Anatomy of a dud single: a patchwork lyric of place-filler phrases; a monotonous one-line chorus that wears on the nerves because it’s repeated so damn much; a would-be soul groove that, after a mildly inspiring start, seems to just skip in place; and some woeful backing vocals (I mean, you’re cutting a rock & roll single, guys—give it some zing: you sound like a bunch of conscripts). Pronounced dead on arrival the moment it was released.
“Do Anything You Say” is one of Bowie’s last soul-influenced compositions and one of his most inconsequential releases—it’s notable only for marking the full stop to a style Bowie never mastered and finally abandoned. (Pye was one of the major Northern Soul labels, so perhaps the label wanted Bowie to try his hand at something more uptempo and dance-oriented.)

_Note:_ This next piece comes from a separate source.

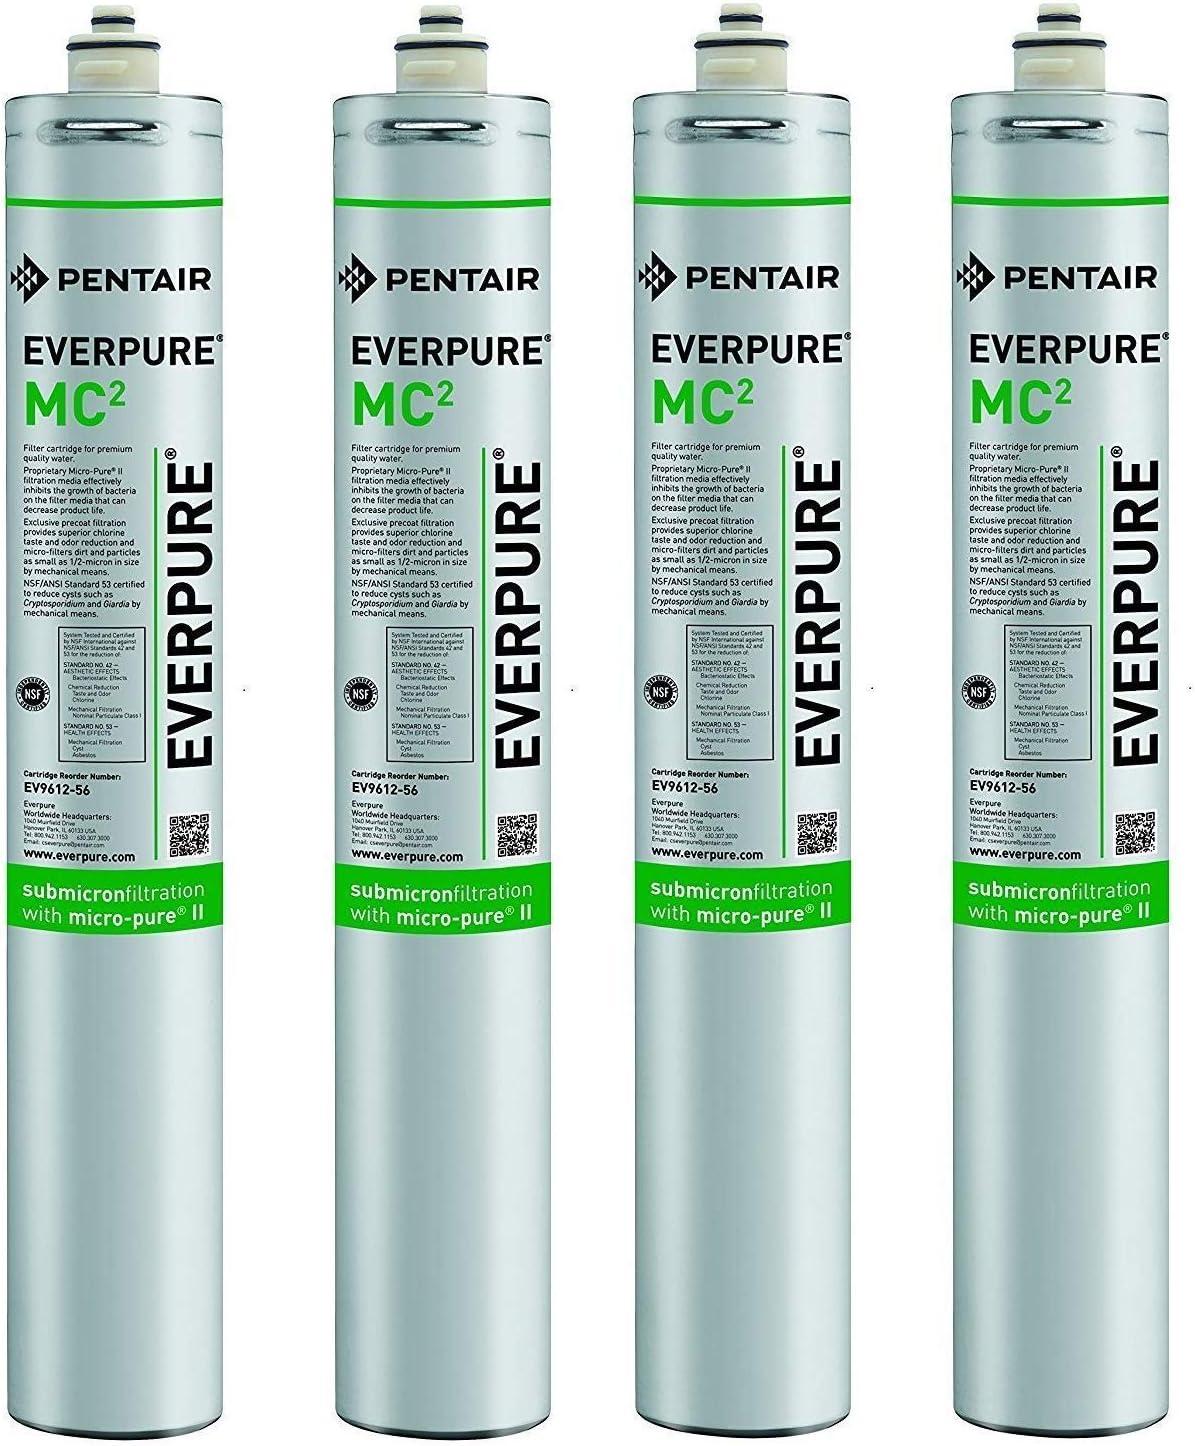 Everpure Spasm price EV961256 Daily bargain sale MC 2 Pack Cart 4 of

The backing band is Bowie’s latest collection—The Buzz, consisting of John Hutchinson (lead guitarist, who would become one of Bowie’s closest collaborators in the late ’60s), Derek Fearnley (b), John Eager (d) and Derek Bayes (organ). They sound pretty much interchangeable with the ill-fated Lower Third and a frustrated Tony Hatch would replace them with session players for Bowie’s next single.

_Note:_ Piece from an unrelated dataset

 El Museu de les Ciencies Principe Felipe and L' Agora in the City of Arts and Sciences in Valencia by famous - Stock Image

Recorded 7 March 1966 and released as Pye 17079 on 1 April 1966 (Pye Singles).
The mixes on Early On and I Dig Everything are clearly different- which is the one that was actually released as the single?
early on
There’s something sort of interesting about how disinterested the backing vocals are. It doesn’t work at all, but there’s the glimmer of something interesting and original in there.